Esta gran época para las hermandades de Pasión durará hasta el reinado de Carlos III. El
rey ilustrado -«muy devoto y muy cristiano», según el historiador- quiso poner fin a su
proliferación desmedida. España contaba por aquel entonces con más de 25.000 cofradías ,
según el estudio « Cofradías y ciudad en la España del siglo XVIII» de Inmaculada Arias
de Saavedra y Miguel Luis López. Carlos III, con apoyo eclesiástico, procedió a una
drástica reducción de hermandades de penitencia, prohibió las flagelaciones y ordenó que
no salieran de noche, a excepción de la Vera Cruz que tenía un privilegio papal.

Para Sánchez Herrero, el «siglo de las crisis de las cofradías», se extendió desde el reinado
de Carlos III hasta la llegada de Alfonso XII en 1874. También en el XX habría momentos
de crisis, con la República y la Guerra Civil, y sufrirían turbulencias por el Concilio
Vaticano II.

Un prometedor futuro

«Desde finales del s.XX, sobre todo a partir de 1980, hasta hoy han tenido un auge
grandísimo», subraya el catedrático emérito de la Universidad de Sevilla. A su juicio, este
gran impulso «se está dulcificando, pero aún continúa».

Algunos elementos se mantienen inalterables al paso de los siglos. Es el caso de «las


procesiones de penitencia el Jueves y Viernes Santo, el ritual del lavatorio de los pies
durante la misa del Jueves, el ritual y teatralización del Descendimiento de la cruz (donde
se conserve y a pesar de las prohibiciones eclesiásticas del siglo XVIII) y la procesión del
Encuentro en la mañana de Pascua de Resurrección», enumera Antonio Cea. Para el
investigador del CSIC, en España se sigue celebrando la Semana Santa con tanta pasión
gracias en parte a la categoría artística de las piezas escultóricas. «Su exhibición y la
llamada a la devoción que despiertan en los creyentes, y hoy en los turistas, hace que se
hayan mantenido tan vigentes hasta hoy», afirma. En su opinión, el «auge de cofrades,
desde hace unas décadas, es un fenómeno más social que religioso».

Ser cofrade es «un compromiso con las tradiciones», a juicio de Luis Mayo, que ve en este
rebrote «un deseo de recobrar una seña de identidad religiosa y cultural del país». Sánchez
Herrero cree, sin embargo, que «si desapareciera la razón religiosa, las cofradías
desaparecerían».

En lo que todos coinciden es en vislumbrar un futuro halagüeño para estas manifestaciones


de piedad popular. «Será de auge y continuidad por diversas razones, entre otras las
comerciales y turísticas», según Antonio Cea.
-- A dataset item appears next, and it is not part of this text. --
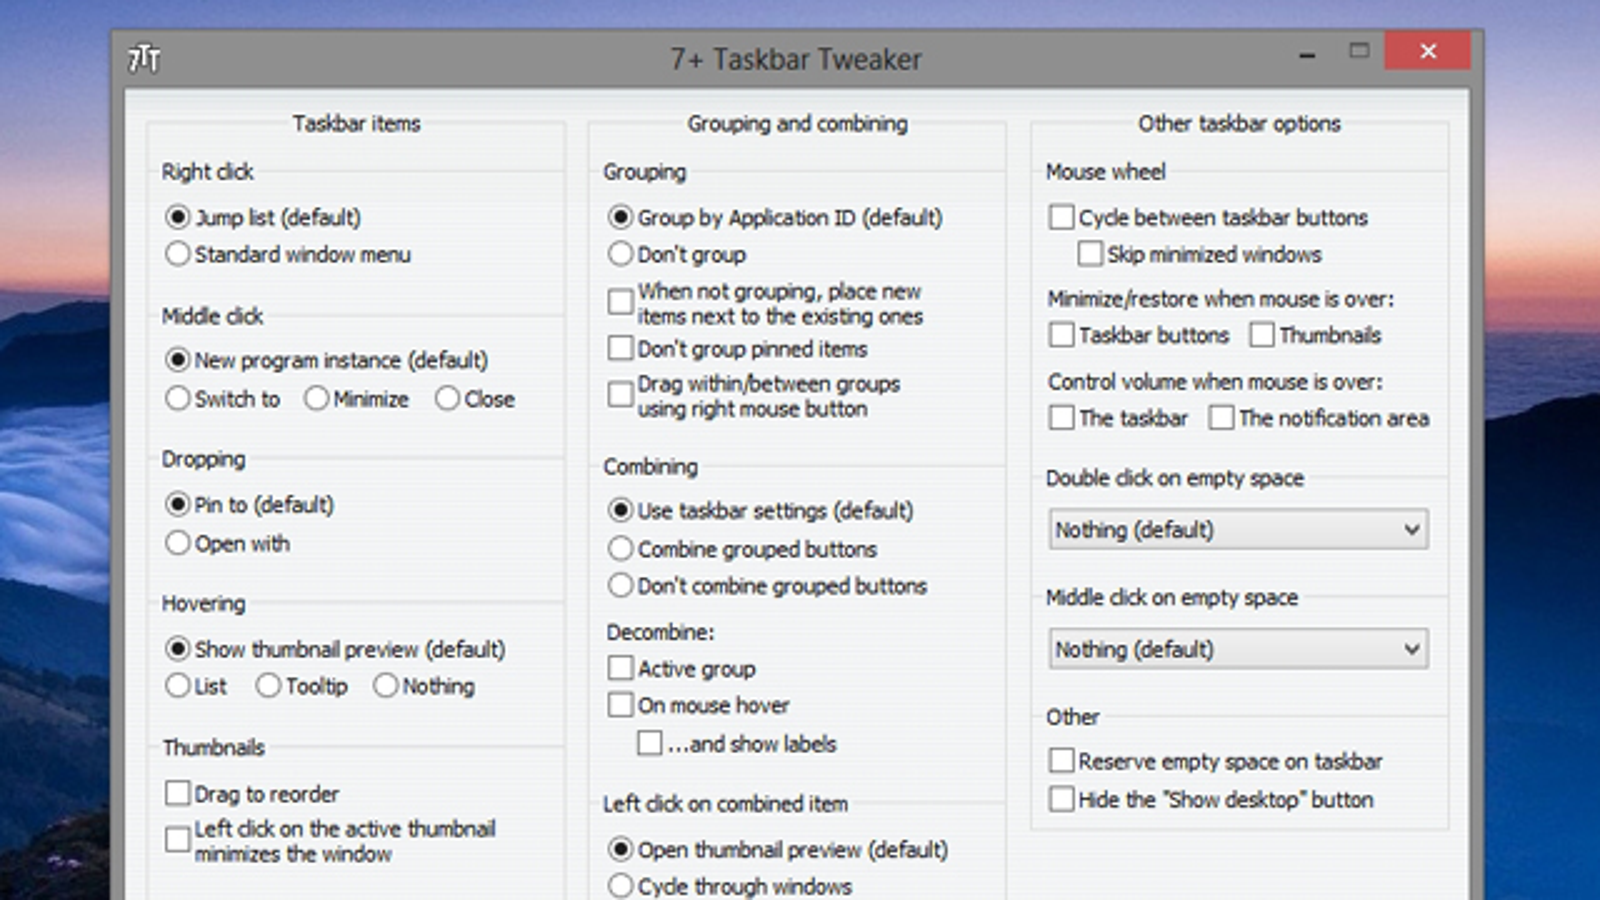 download 7+ Taskbar Tweaker 5.14.3.0 free

En Sevilla «si hay algo popular es la Semana Santa», asegura el secretario del Consejo
General de Hermandades y Cofradías de Sevilla, Carlos López Bravo, que recuerda el
tropiezo de Podemos. «Para nada» se podrían suprimir las procesiones, «ya se dieron
cuenta de que no» , asegura López Bravo. Pablo de Olavide ya lo intentó en el siglo XVIII
y fracasó, recuerda Luis Mayo, porque «no calculó el sentir del pueblo y su fuerza».